Warum sind Kinder unterhaltspflichtig und betrifft es auch die Schwiegerkinder?
Laut BGB sind Verwandte in auf- und absteigender Linie zu Unterhalt verpflichtet. Das heißt neben den leiblichen Kindern, sind auch Adoptiv- und nicht eheliche Kinder für ihre Eltern unterhaltspflichtig. Schwiegerkinder haften grundsätzlich nicht für ihre Schwiegereltern. Das Einkommen des Schwiegerkindes wird aber mitberücksichtigt, wenn z.B. das eigene Kind keine Verdienste hat.
Welche Zahlungen werden fällig?
Zunächst stehen jedem Kind seit 2016 monatlich mindestens 1.800 Euro netto als Selbstbehalt zu.
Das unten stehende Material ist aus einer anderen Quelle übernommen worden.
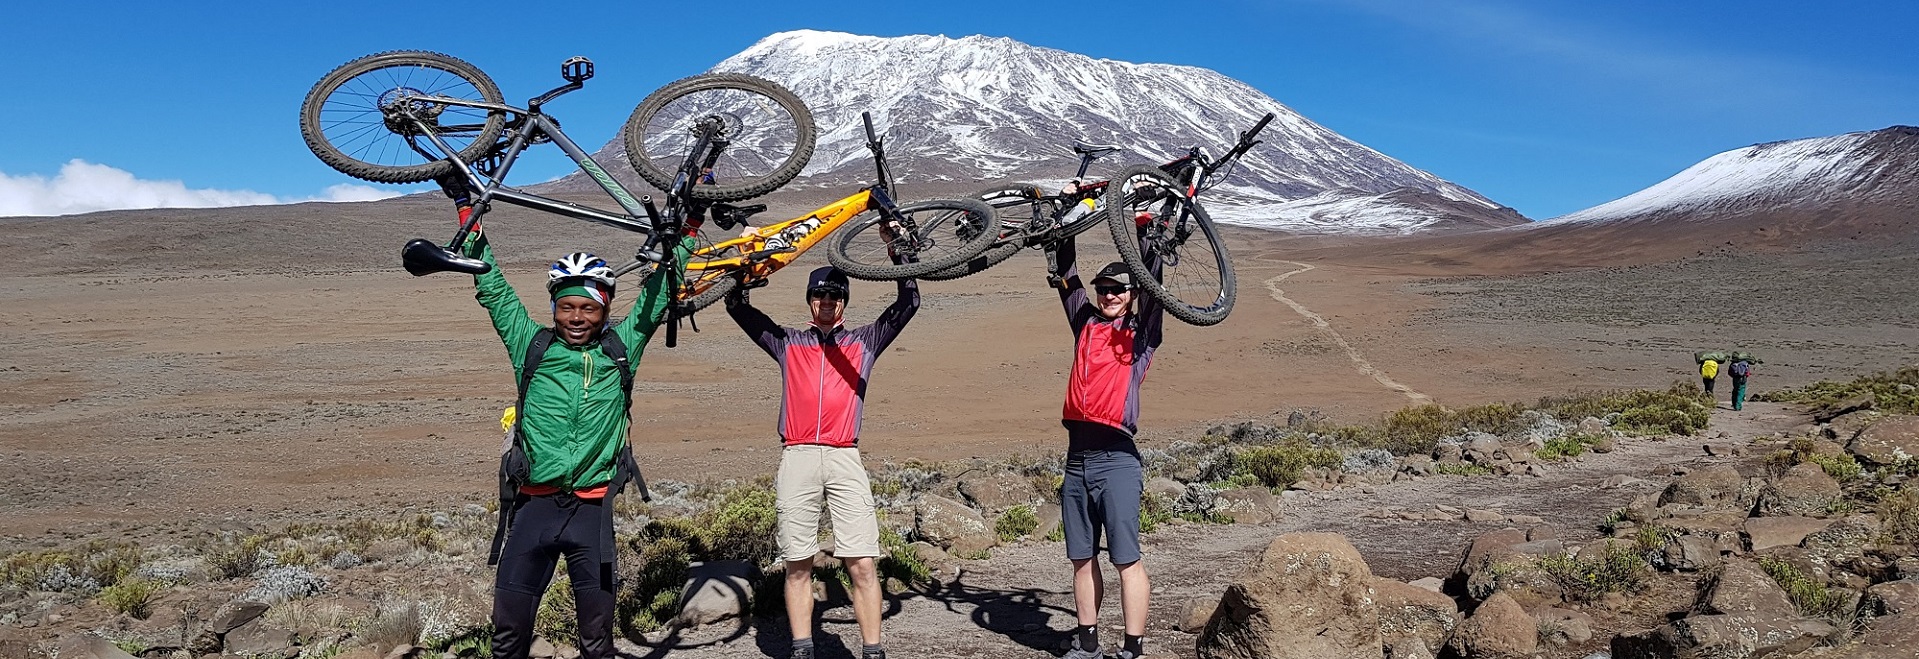 Kilimanjaro Mountain Biking Tours
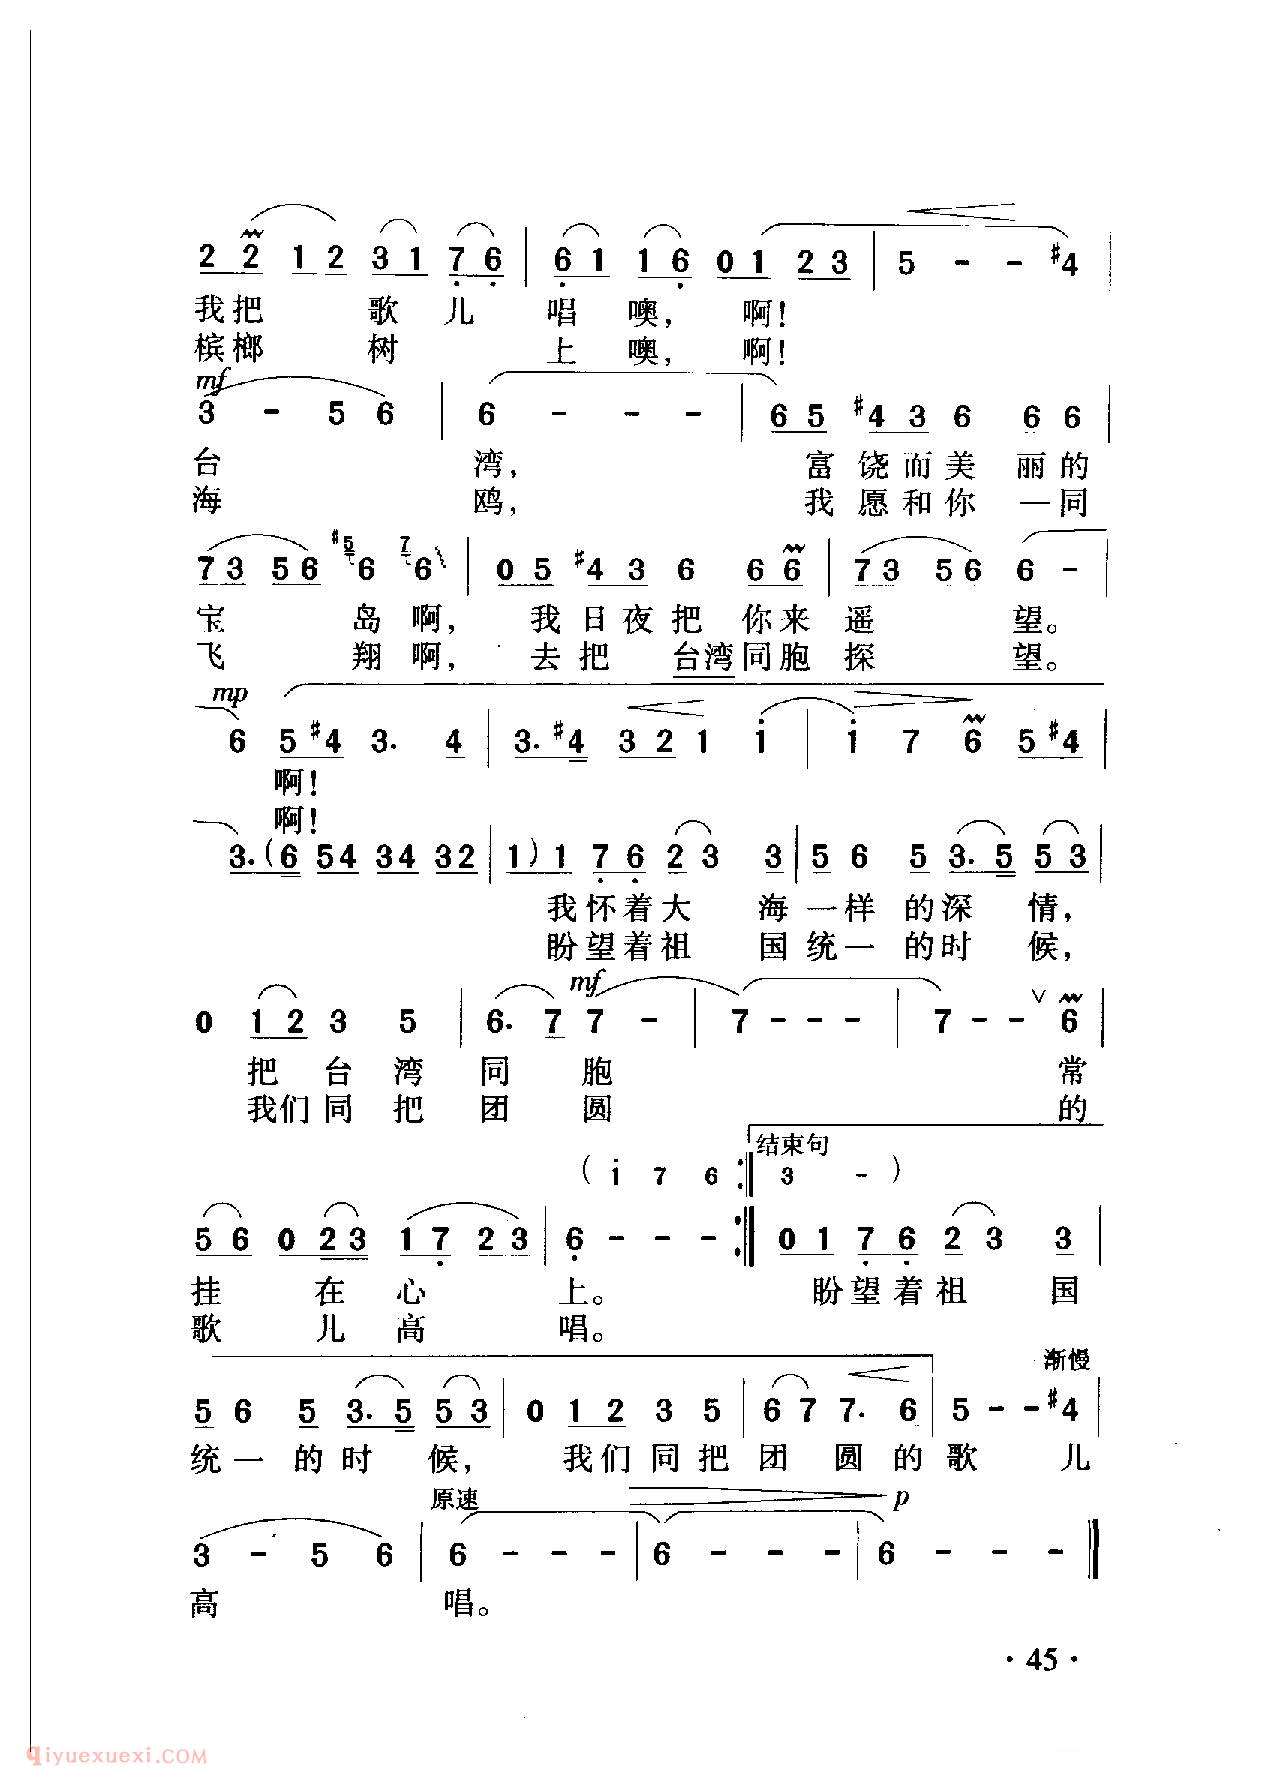 中国名歌[大海一样的深情]乐谱

Für den Ehepartner kommen noch mindestens 1.440 € netto hinzu. Liegt das Nettoeinkommen der Kinder darunter, sind sie grundsätzlich nicht verpflichtet, für ihre Eltern Unterhalt aus dem Einkommen zu leisten. Je nach Familiensituation der Kinder, z.B. durch eigene Kinder, sind auch höhere Beträge möglich. Die Unterhaltspflicht wird für alle unterhaltspflichtigen Kinder geprüft.
Wie sieht es mit eigenem Vermögen aus?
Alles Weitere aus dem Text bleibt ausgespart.